The final output is not a simple average but a weighted sum using a learned weight \(w_{t,t+1}\) between the GRU output \(f^K_{t,t+1}\) and the fused multi-stride prediction \(f_{\mathrm{fuse}}\): \(F_{t,t+1}=w_{t,t+1}f^K_{t,t+1}+(1-w_{t,t+1})f_{\mathrm{fuse}}\). This allows the model to choose between image-matched details and long/short-term historical motion priors based on the scene.

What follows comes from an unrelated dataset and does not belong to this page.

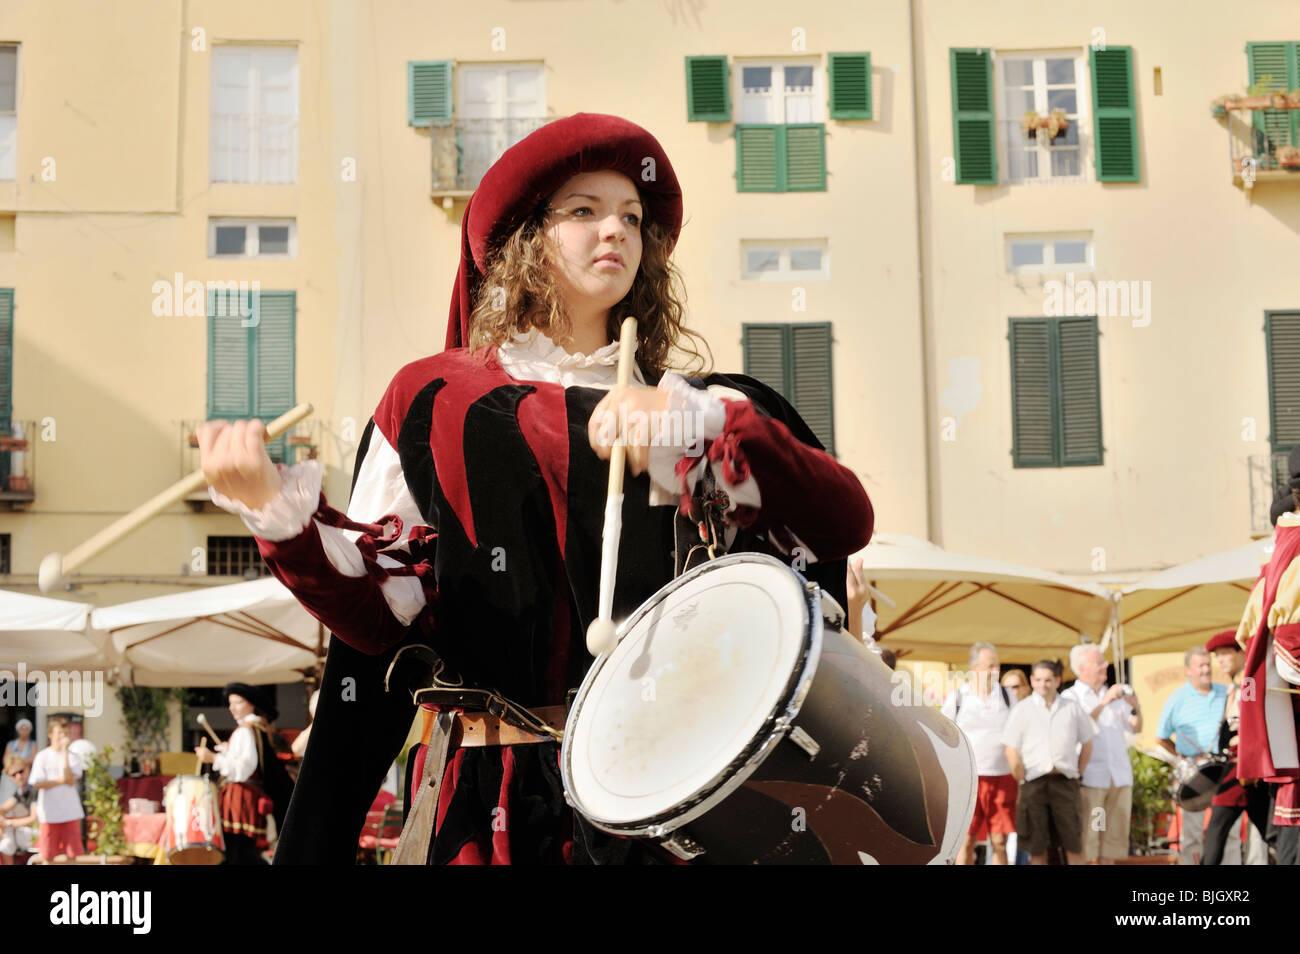 La ciudad italiana de Lucca. Mujer joven baterista en traje medieval street festival Pageant. Toscana, Italia Imagen De Stock

4. Division of Labor Between GRU and Historical Prediction: Direction First, Evidence Second

ARFlow does not rely solely on historical extrapolation. For the current frame pair, it extracts ResNet-FPN features, constructs a correlation volume \(V(u,v)=\langle E_t(u), E_{t+1}(v)\rangle\), and uses RAFT/GMA-style GRU blocks. The difference lies in the input: the GRU begins with the AFI-predicted \(f_{t,t+1}\) rather than zero, and each iteration produces a residual \(\Delta f^k_{t,t+1}\) based on current correlation and context. Historical prediction provides the general direction ("where the motion is going"), while current image matching corrects extrapolation errors and restores pixel-level details.

Loss & Training¶

The training follows the mixture-of-Laplace (MoL) loss from SEA-RAFT with deep supervision on RAFT-style refinement steps. For \(T\) time steps and \(K\) refinements, the total loss is \(L=\frac{1}{T}\sum_{t=1}^{T}\sum_{k=0}^{K}\gamma^{K-k}L^{t,k}_{\mathrm{MoL}}\), where \(\gamma=0.85\) emphasizes later refinements. Supervision is also applied to AFI predictions, multi-stride predictions, and the final fused output to ensure the branches learn reasonable forecasting.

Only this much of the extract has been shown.